In a letter to the Treasury select committee published on Wednesday, FCA chief executive Nikhil Rathi said that while there was a limit to how much he could say, “in the exceptional circumstances of this case, it is necessary and appropriate for me to confirm to the Committee that the FCA has ongoing investigations into both Mr Crispin Odey and Odey Asset Management LLP”.
The investigation into Odey is focused on “allegations that he dismissed OAM’s Executive Committee for an improper purpose,” Rathi wrote, and whether he is a “fit and proper person” to work in financial services.
The regulator is also looking at whether he had “failed to comply” with conduct rules on integrity, due skill, care and diligence. Odey fired the hedge fund’s executive committee in 2021.
The Financial Times last month revealed 13 women alleged they had been sexually harassed or assaulted by Odey over a period spanning more than two decades. He strenuously denies the allegations.
Rathi said that the FCA had been in contact with the police in relation to the “potentially criminal” nature of the allegations.
The FCA is investigating Odey Asset Management for “possible contraventions of the FCA’s Principles for Business for failing to conduct its affairs with due skill, care and diligence, and failing to take reasonable care to organise and control its affairs responsibly and effectively, with adequate risk management systems and controls”. Odey Asset Management declined to comment.
Rathi said the investigations were opened in the middle of 2021 and that the FCA’s supervision of Odey Asset Management had been “intensive” since 2020.
He also confirmed that Odey had threatened a judicial review over the investigation, as previously reported by the FT. “We responded robustly to this.
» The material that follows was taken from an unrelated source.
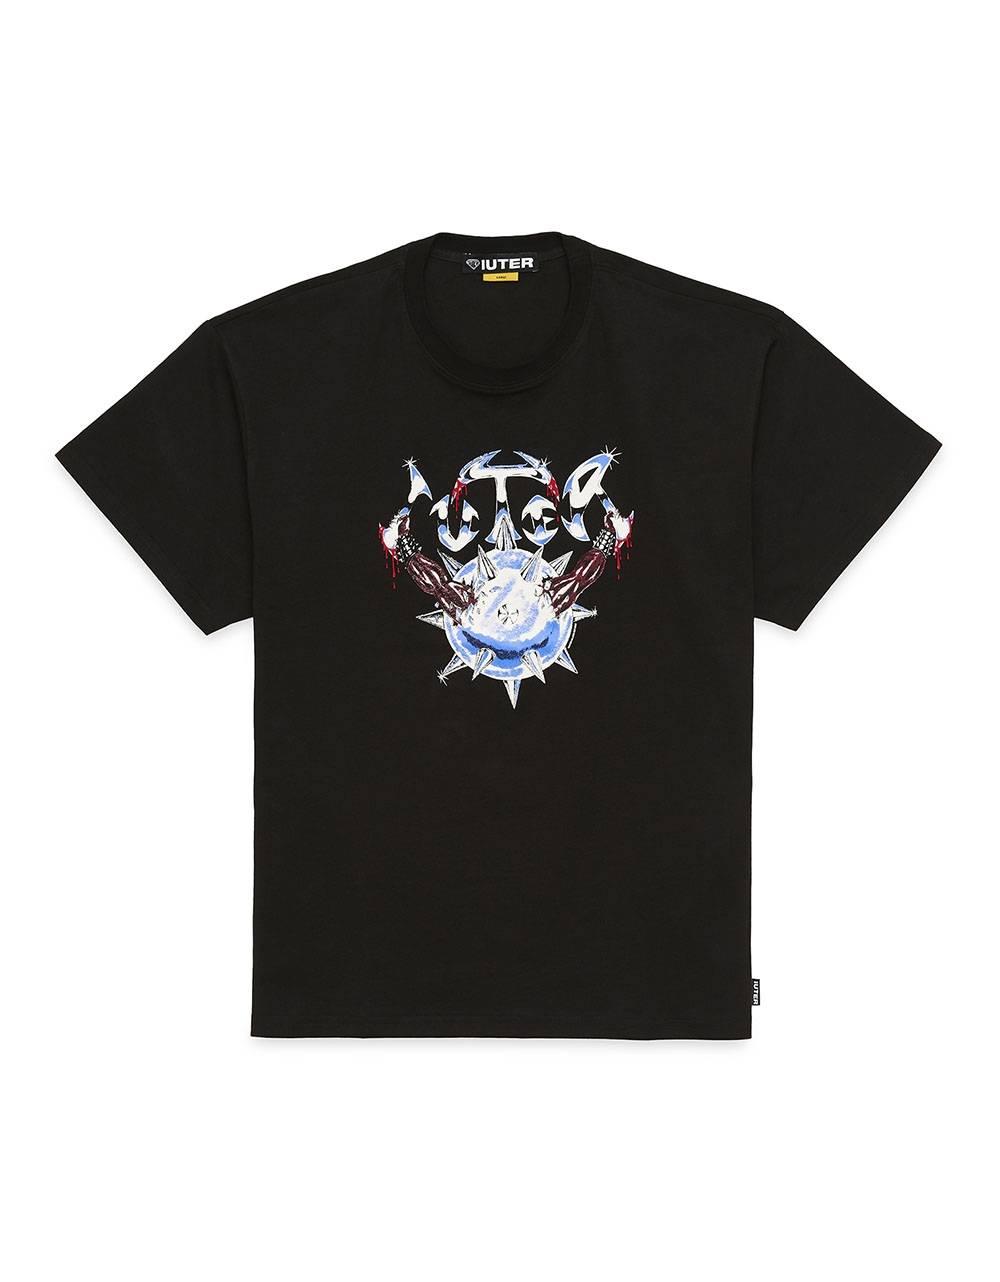 Iuter Steel tee - Black IUTER T-shirt 52,00€

In the event, court proceedings were not commenced and we continued to investigate,” he said.
Odey was ousted as a partner of the hedge fund, which managed $4.4bn, following the allegations and the group is now being effectively dismantled as some of its funds and portfolio managers are transferred to other firms.
Morgan Stanley and JPMorgan Chase are among the major banks to have severed tied with Odey, stripping the hedge fund of the credit risk management tools it needs to trade.